Tara Craver stood strong with countless others in protest outside of the Department of Veterans Affairs St. Petersburg Regional Office.
The blood red sign that Karle was holding read,
“VA Denies Camp Lejeune Claims!”
Her husband, Karle Craver, had unfortunately passed away two years ago due to esophageal cancer.
Tara is certain that her husband was one of the 14,000 veterans who contracted the deadly disease after being exposed to contaminated water at the North Carolina Marine base.
It was only last week that the VA publicly announced that it was speeding up the process on these claims. It has also claimed that it is changing its policies and will only take cases if they are the result of one of the eight selected diseases issued.
Unfortunately Karle’s cancer does not qualify as one of the eight selected diseases they have handpicked to help.
The diseases include bladder cancer, kidney cancer, adult leukemia, liver cancer, aplastic anemia, multiple myeloma, non-Hodgkin’s lymphoma and Parkinson’s disease.
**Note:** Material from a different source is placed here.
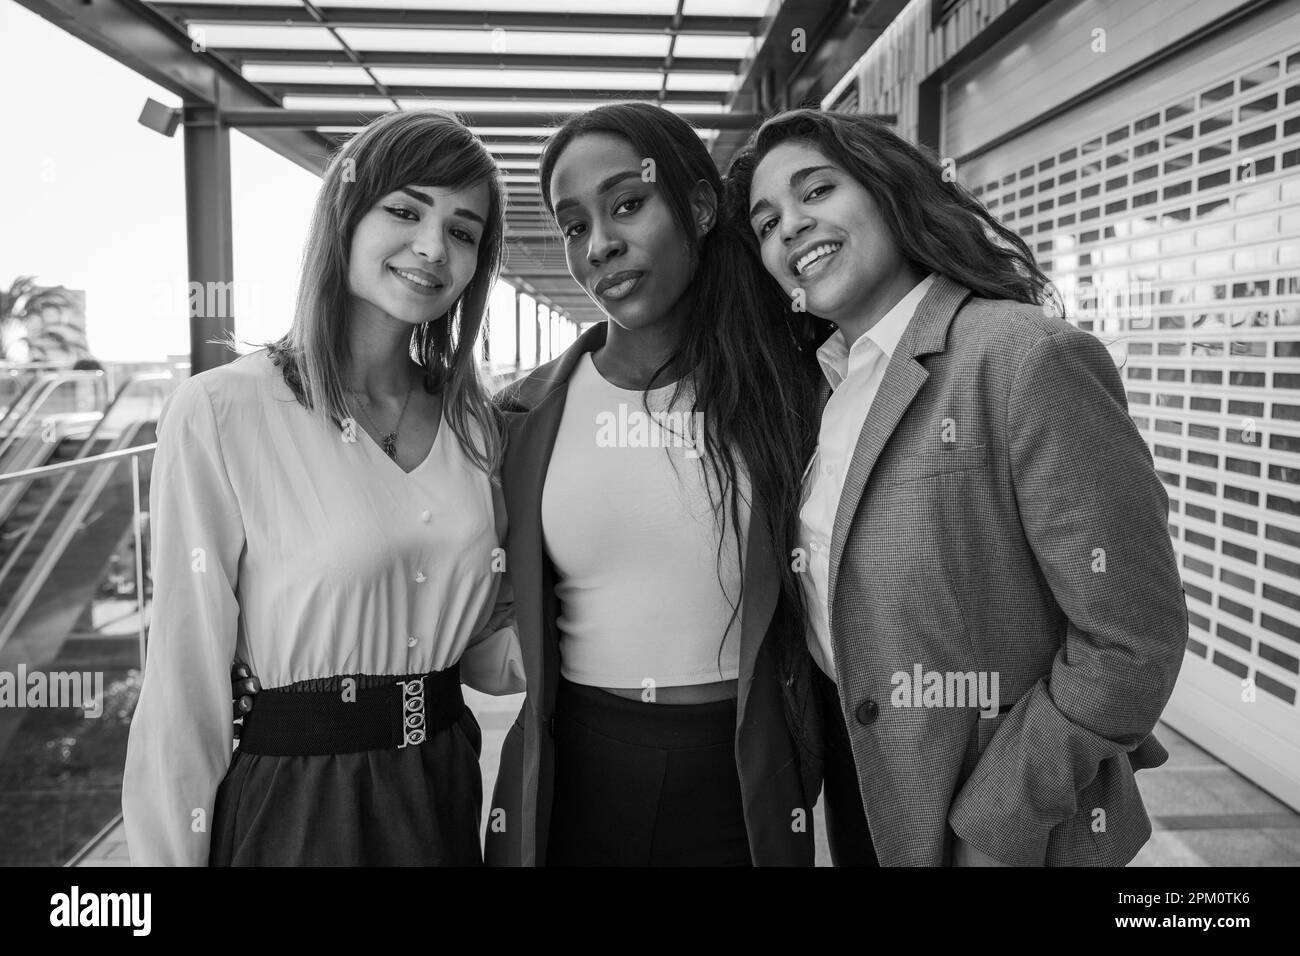 Trois femmes d'affaires souriant ensemble, collègues au travail, photo en noir et blanc. Banque D'Images

It was last year that the VA completely denied any connection between his cancer and his time spent in uniform at the contaminated base.
The Fight Goes On
Tara is determined to continue fighting for the claim that her husband’s cancer was indeed directly connected to being exposed to contaminated waters at Lejeune. Without proving this, the widow is unable to obtain death and burial benefits that she is due.
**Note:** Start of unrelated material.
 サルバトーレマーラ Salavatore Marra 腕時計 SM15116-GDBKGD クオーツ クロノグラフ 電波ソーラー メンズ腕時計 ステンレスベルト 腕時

“I want the VA to wake up,” Carver said at Monday’s protest.
“We have a responsibility to take care of those who have served our nation and have been exposed to harm as a result of that service,” Secretary of Veterans Affairs Robert A. McDonald said in a news release about the new comment period.
“Establishing a presumption for service at Camp Lejeune will make it easier for those veterans to receive the care and benefits they deserve.”